I arrived at Berry at 1:30pm, and covered 27km. I bought some much wanted lunch from a local green grocer and headed for the train station. It was only 20mins before the next train which was well timed. It was then a simple matter of enjoying a 4hr train trip back home.

I couldn’t be happier with the way this ride went. It was an absolute success.
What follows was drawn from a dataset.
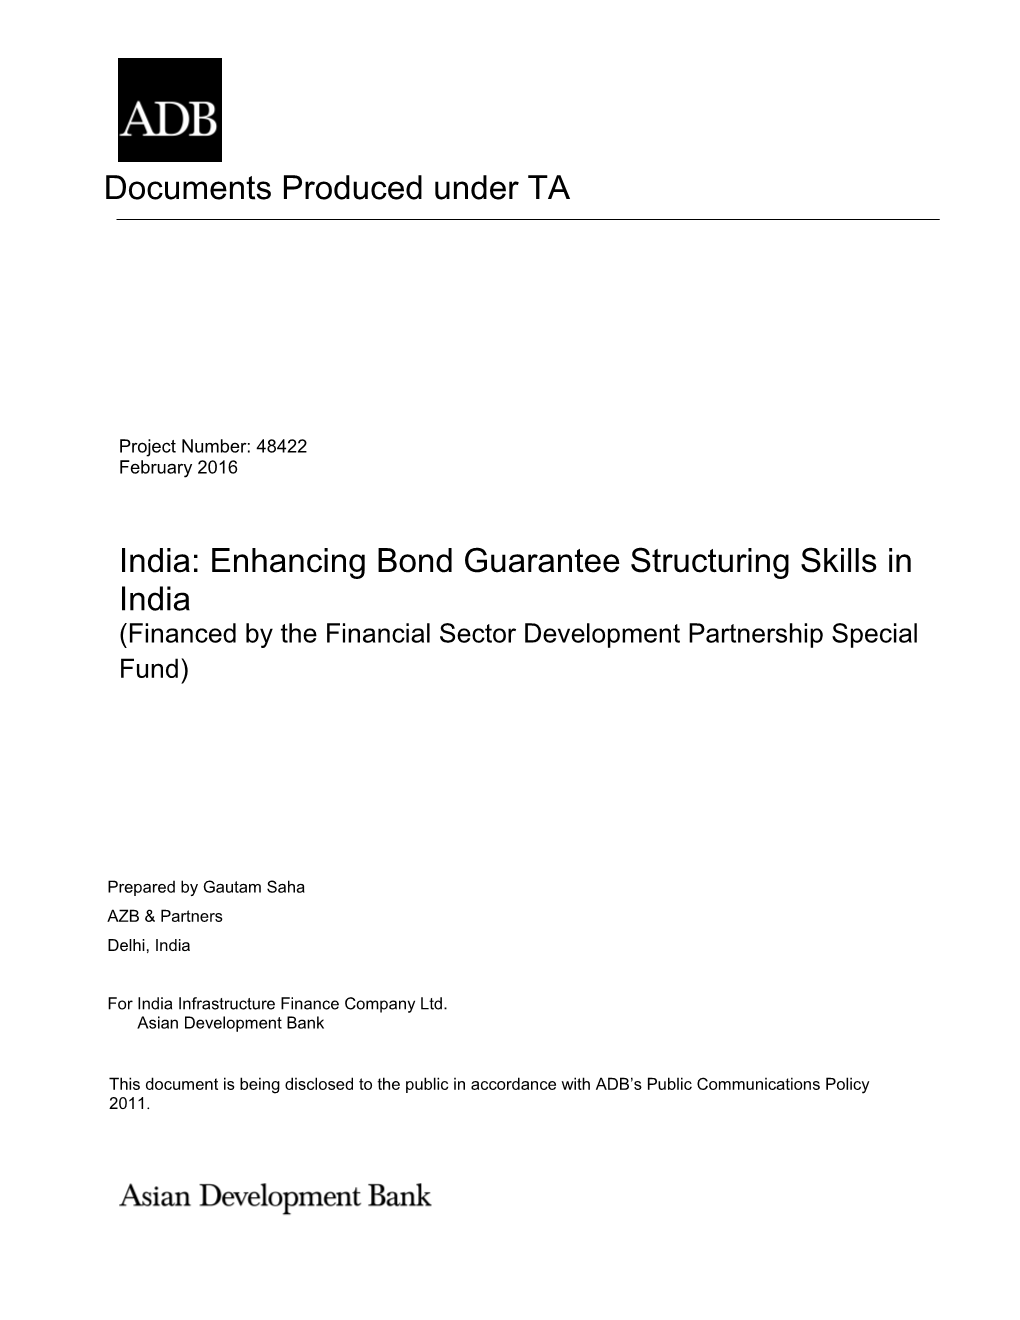 India: Enhancing Bond Guarantee Structuring Skills in India

In 8 days, I had done 26hrs and 45mins of riding covering 332km averaging 12.8km/h. With the success of this ride, the idea of an assistant engine was very much scraped.

The following Friday the question of my personal transport was resolved with the signing up for a new car that would cost half as much to run. But that’s a whole other story! If I need an engine, a part driving and part ridding tour is a better option.